苏栗被捏疼了,觉得傅鹤年指骨好硬,手腕都像是还要被捏断了。

“疼!傅鹤年!放开我!”苏栗看着停在路边的豪车摇头,“我不跟你一起回家了,我自己……”

傅鹤年先把画包扔进去,箍着苏栗的腰把人拖了进去。

隔音板落下,苏栗被按在座位上还在挣扎,“你……你怎么能这样!”

傅鹤年倾身压过去,“好了,回家给你冰淇……”

“不要不要!”苏栗现在有点讨厌傅鹤年用哄三岁小孩的语气和他说话了,“我的话你听不懂吗!我不要跟你一起走,也不回你家!”

傅鹤年沉默一瞬,他面无表情垂下眸子的时候,整个人的气质和平时都截然不同,眉眼见透着一股不容置喙的冷硬。

“今天不弄你,你也别再说让我不高兴的话了。”

苏栗紧紧抿着唇,觉得眼前的人简直无法沟通,明明是他无礼在先,还能这么理直气壮倒打一耙,苏栗心里慌乱又委屈,决定扭开脑袋不看傅鹤年。

傅鹤年容不得苏栗抗拒他,卡住下巴把人掰回来。

“那样的的女生你就该离远点。”

“不用你管!”

傅鹤年蹙眉,觉得画室还是太乱了,当初苏栗提起学艺术的时候,他就该阻止,校内画室里的那些都是一群爱乱搞的,会把他的宝宝带坏了。

“后面学业会越来越重,反正你也不指望着画画考大学,我们先不学了。”

苏栗瞪圆了一双黑漆漆的小狗眼,难以置信地看着傅鹤年。

“我不!我喜欢!我就要学这个!”

或许刚开始看着背着画板满城市写生的感觉很自由和帅气,出于少年虚荣心性接触,但是现在确实是越来越喜欢,老师也开始和他们说一些以后可以从事的工作领域,他还打算假期的时候就要去几个美院都转一遍看看。

他的父母都没说什么,傅鹤年凭什么不让他学了。

两个人无法达成统一的共识,也没有人要率先妥协。

从车上下来只要眼睛没瞎的人,都能看得出来这兄弟俩吵架了。

这样的情况以前也有,转头自己就好了。

傅鹤年扣着画包不给,让苏栗先写作业,结果作业写完了也不给。

“我今天要画十张素描,明天老师要检查……”

“画画太浪费时间,明天我可以和你老师说明你的情况。”

苏栗气得要死,踢了傅鹤年一脚,傅鹤年什么反应都没,苏栗更急了,他知道这人真的能做出去找老师让他退出画室的事。

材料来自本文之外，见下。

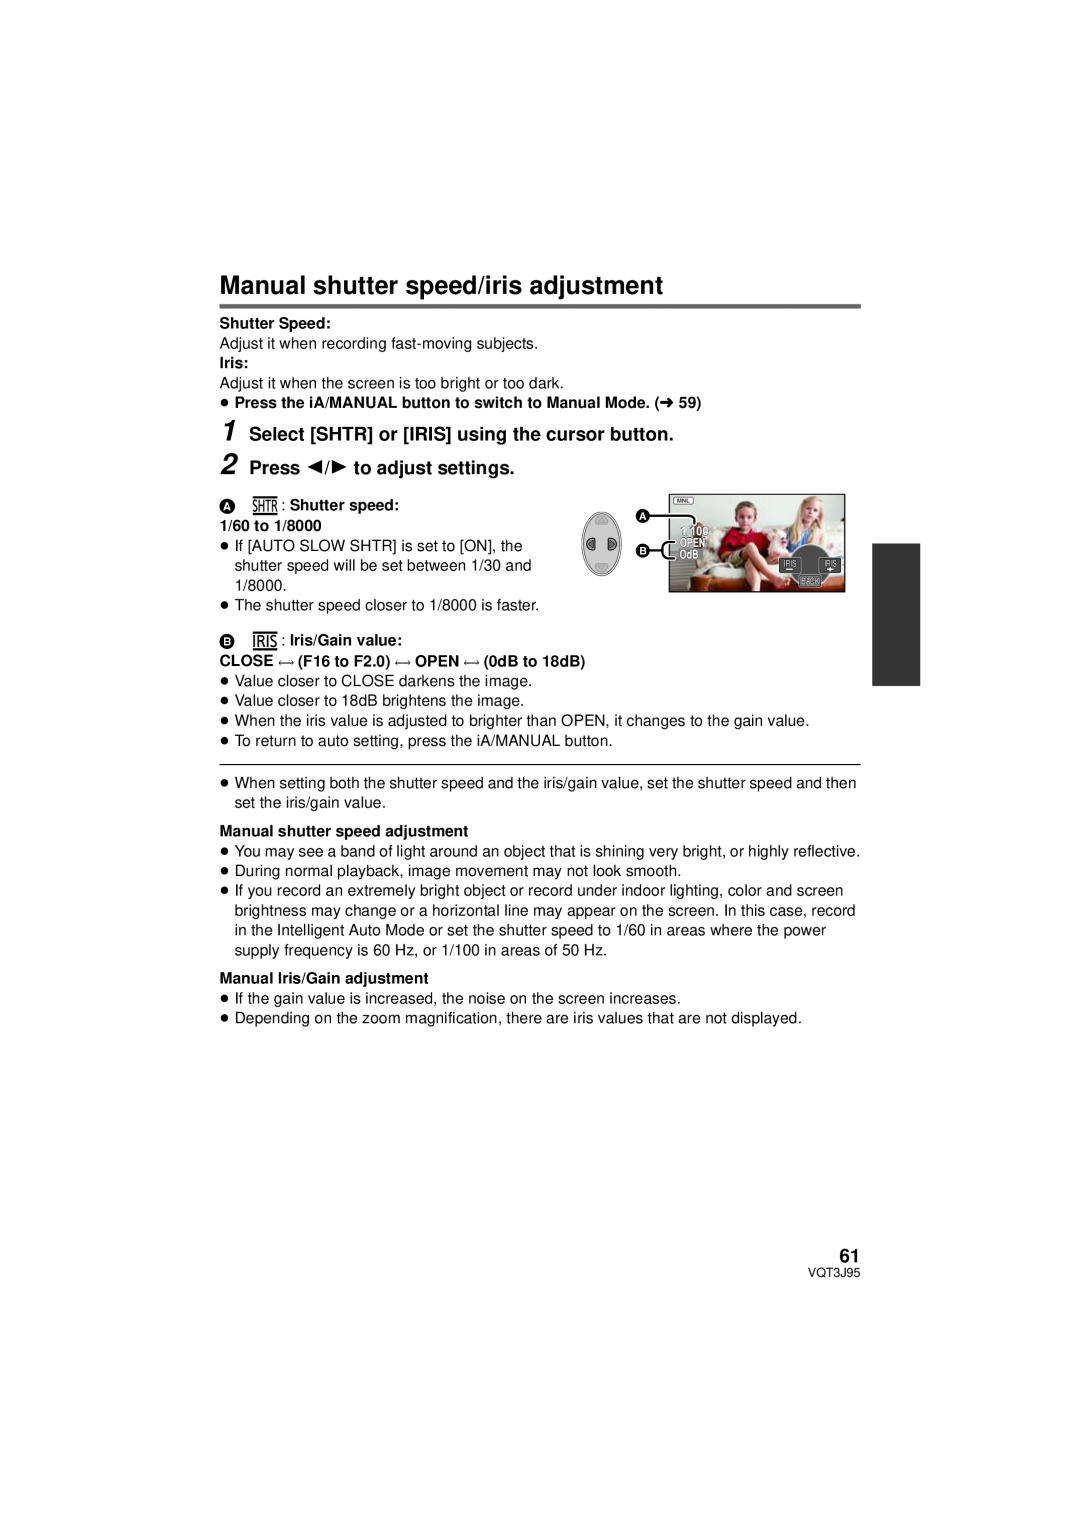 Panasonic HDC-TM41P/PC Manual shutter speed/iris adjustment, Select SHTR or IRIS using the cursor button, Shutter Speed

傅家在这座城市的金字塔尖上,傅鹤年的身份从来就不是秘密,刚升学过来就是副校长亲自带着熟悉环境,班主任那么严肃的人对他说话都好声好气的柔和不少。

虽然平时傅鹤年从没展现出什么特权,也能和所有同学打成一片,就像个普通人一样,但是如果真的碰上了事,不过就是他一句话。

“别……”

苏栗赢不过,先软了语气。

“我不会影响成绩,也不会画太晚了。”

傅鹤年并不满意这样的保证,他知道苏栗心里打的什么主意,不过是想先糊弄住他,私下都是只顾着自己的想法来。

对上傅鹤年了然的目光,苏栗有点心虚,伸手抓住傅鹤年衣服。

“那你说,我听你的可以吧。”

“不准和冯媛媛说话,也不许收其他女生的情书,遇到告白当面拒绝。”

苏栗犹豫着想说什么,又怕惹到傅鹤年,只能先答应。

“今天还要走吗?”

苏栗无力的摇头,终于摸到了自己的画包,觉得傅鹤年简直就像小学生一样不可理喻。

傅鹤年结束了所有线上课程,看了下时间,不管苏栗画了多少,直接抽出画笔。

“洗漱睡觉。”

苏栗也确实困了,没有继续拧着,老实的去洗手间,穿着睡衣出来往床上爬。

傅鹤年伸手把人往自己怀里揽,拍了拍苏栗的屁股又贴着揉了揉。

“睡觉!”苏栗往被子里钻,就防着傅鹤年突然发疯,“困了。”

傅鹤年只留了床头的小夜灯,低头亲了亲苏栗的额头。

“和我道个歉。”

“嗯?”苏栗不明所以。

“你今天对我说了很伤人的话。”

苏栗根本想不起来他说什么伤人的话了,可傅鹤年说有就有吧,不和他计较。

“对不起。”

傅鹤年心里的不悦这才被抚平一点,把人扯进怀里缠住,这是他养大的人,以后就只能是他的。

傅鹤年轻啄两下才满意闭上眼睛,但画室的事还不算完,苏栗往画室跑的频率已经高到让他不舒服的程度了。

苏栗知道傅鹤年不喜欢他和画室的那些人玩。

他们学校是本地的百年老校,里面的学生不是成绩超好的,就是家庭条件超好的,不过后面的这部分,成绩大多不如意,隔壁不远也有个贵族私立学校,大学对接世界名校的那种,平时学习并不是作为重点,而是各种比赛、才艺或者慈善活动。

但大部分人还是挤破头的往公立老校里塞,为的也不过是几年后能相互攀一下同学或者校友关系。

学校每年收了那么多的捐赠,为了这部分学生考虑,各种艺术班也就起来了,聘请的都是有名有姓的老师,大家相互捧着。

傅鹤年以后的路家里早就给他安排好了,主打一个根正苗红,学习品德身体都要好,课下有金牌名师开小灶,定期参加去福利做义工的活动,校内参加了篮球社团。

苏栗去画室也是误打误撞的合拍,本来这些烧钱的艺术班里基本上都是生意人,里面有不少同学彼此家里都是有合作的,他们在学校里高调张扬,讲究自由个性,私下爱玩,已经在模仿着大人们开始社交,经营自己的小团体。

都是差不多的成长环境,共同话题自然就多。

苏栗的外公很早去世,外婆是老干部退休,所以能和傅鹤年这边住一个小区,苏爸是励志典范,自幼家庭贫困,靠着各种补贴从小村落里考出来,看起来比同龄人成熟很多,会照顾人,苏妈看上后外婆也不介意苏爸出身,只觉得人品好就行。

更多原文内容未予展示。